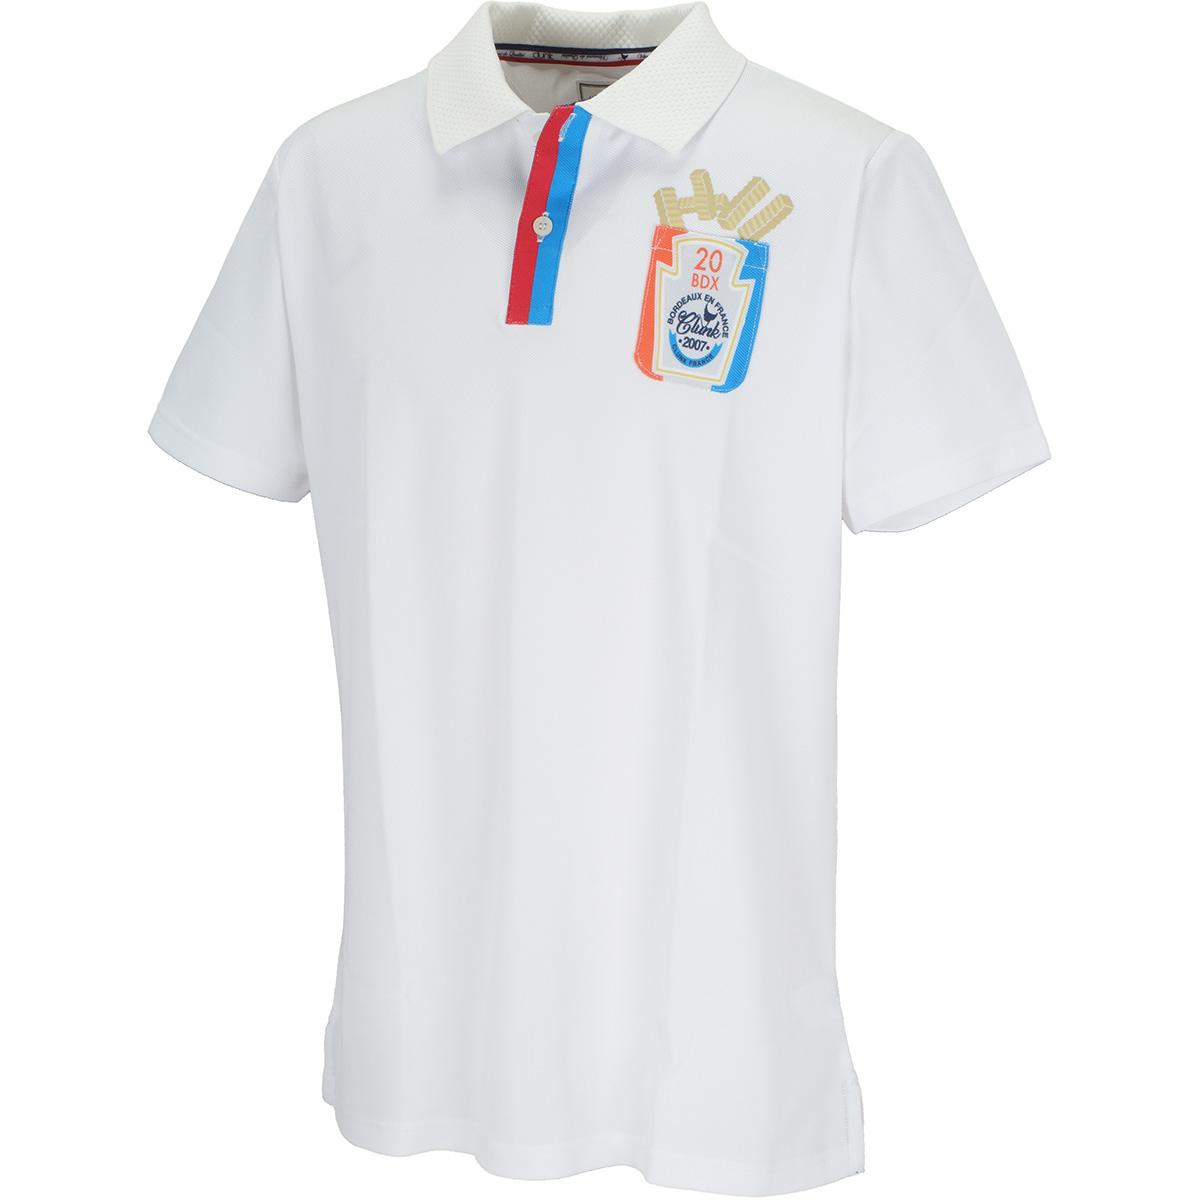 ストレッチ ポテトポケット 半袖ポロシャツ
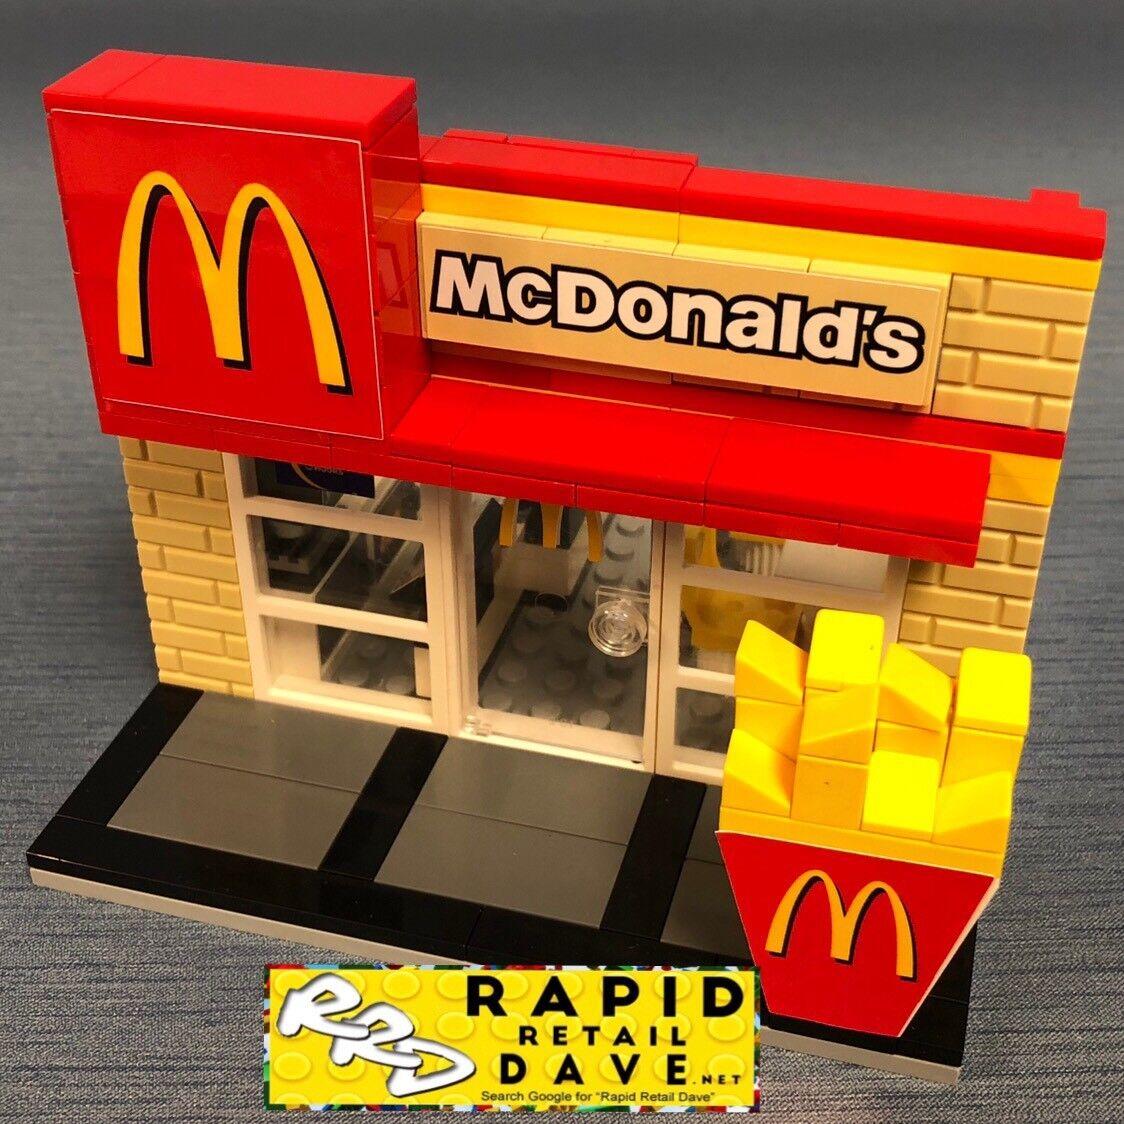 Lego Personalizado Mcdonalds restaurante altamente detallado & envío rápido
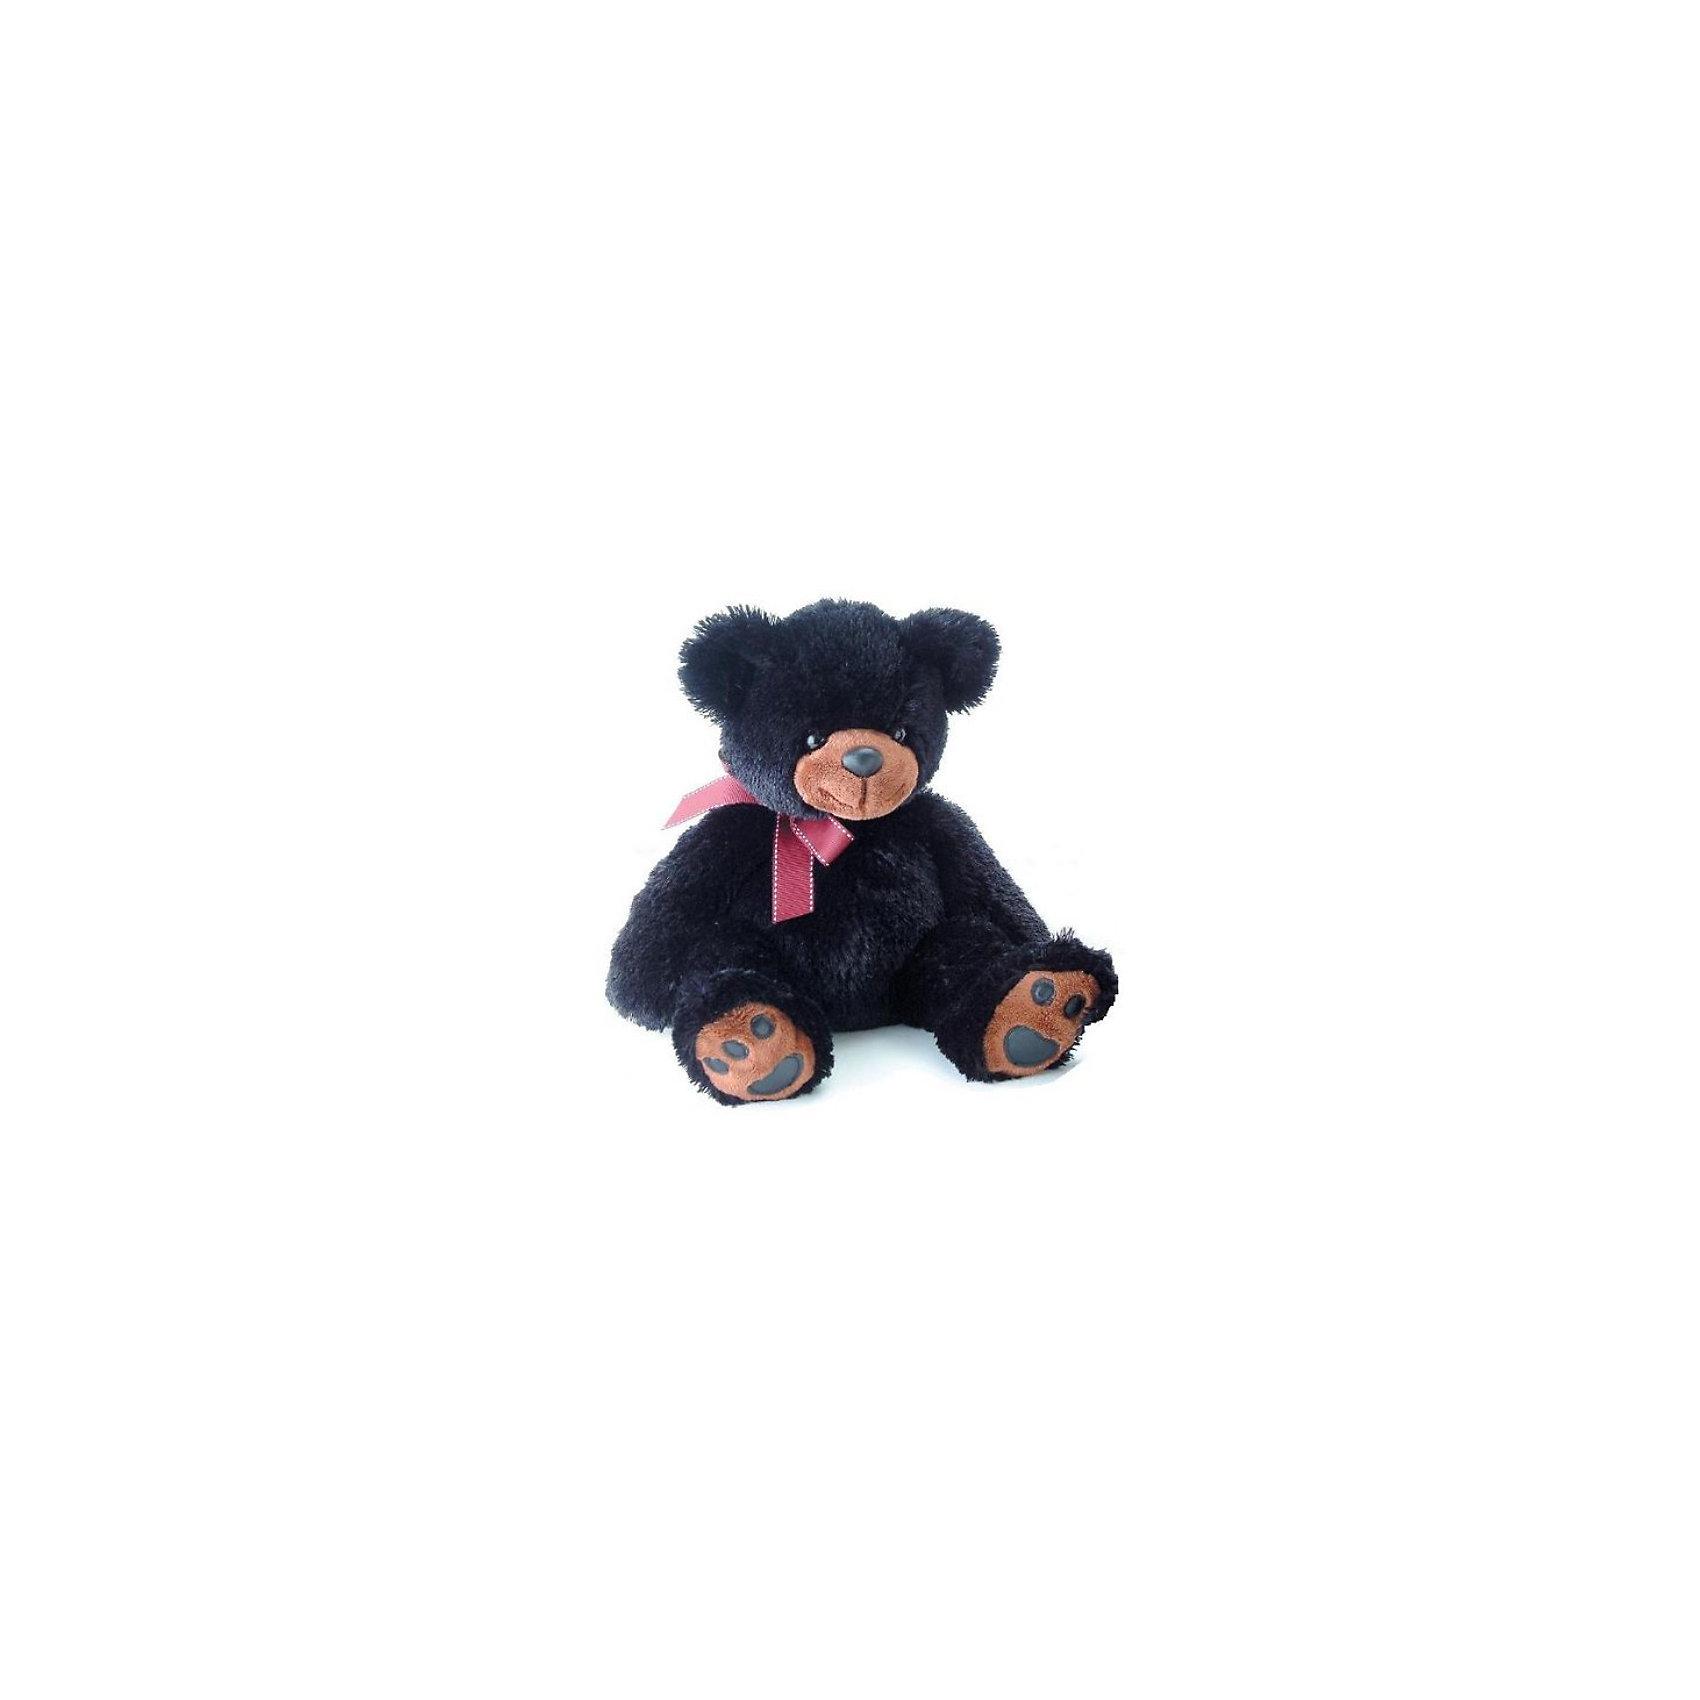 AURORA Мягкая игрушка  Медведь (чёрный), 70 смМедвежата<br>Плюшевый мишка с розовым бантом. <br><br>Игрушка изготовлена из экологически чистых материалов: высококачественного плюшa и гипoaллepгeнного cинтепoна. Не деформируется и не теряет внешний вид при машинной стирке.<br><br>Дополнительная информация:<br><br>Высота медведя: 70 см.<br><br>Ширина мм: 250<br>Глубина мм: 210<br>Высота мм: 500<br>Вес г: 1355<br>Возраст от месяцев: 24<br>Возраст до месяцев: 120<br>Пол: Унисекс<br>Возраст: Детский<br>SKU: 2147580

_TO DO_
Restate the data above word for word, omitting every picture.

_ANSWER SPACE_
 ストレッチ ポテトポケット 半袖ポロシャツ
 Lego Personalizado Mcdonalds restaurante altamente detallado & envío rápido
 AURORA Мягкая игрушка  Медведь (чёрный), 70 смМедвежата<br>Плюшевый мишка с розовым бантом. <br><br>Игрушка изготовлена из экологически чистых материалов: высококачественного плюшa и гипoaллepгeнного cинтепoна. Не деформируется и не теряет внешний вид при машинной стирке.<br><br>Дополнительная информация:<br><br>Высота медведя: 70 см.<br><br>Ширина мм: 250<br>Глубина мм: 210<br>Высота мм: 500<br>Вес г: 1355<br>Возраст от месяцев: 24<br>Возраст до месяцев: 120<br>Пол: Унисекс<br>Возраст: Детский<br>SKU: 2147580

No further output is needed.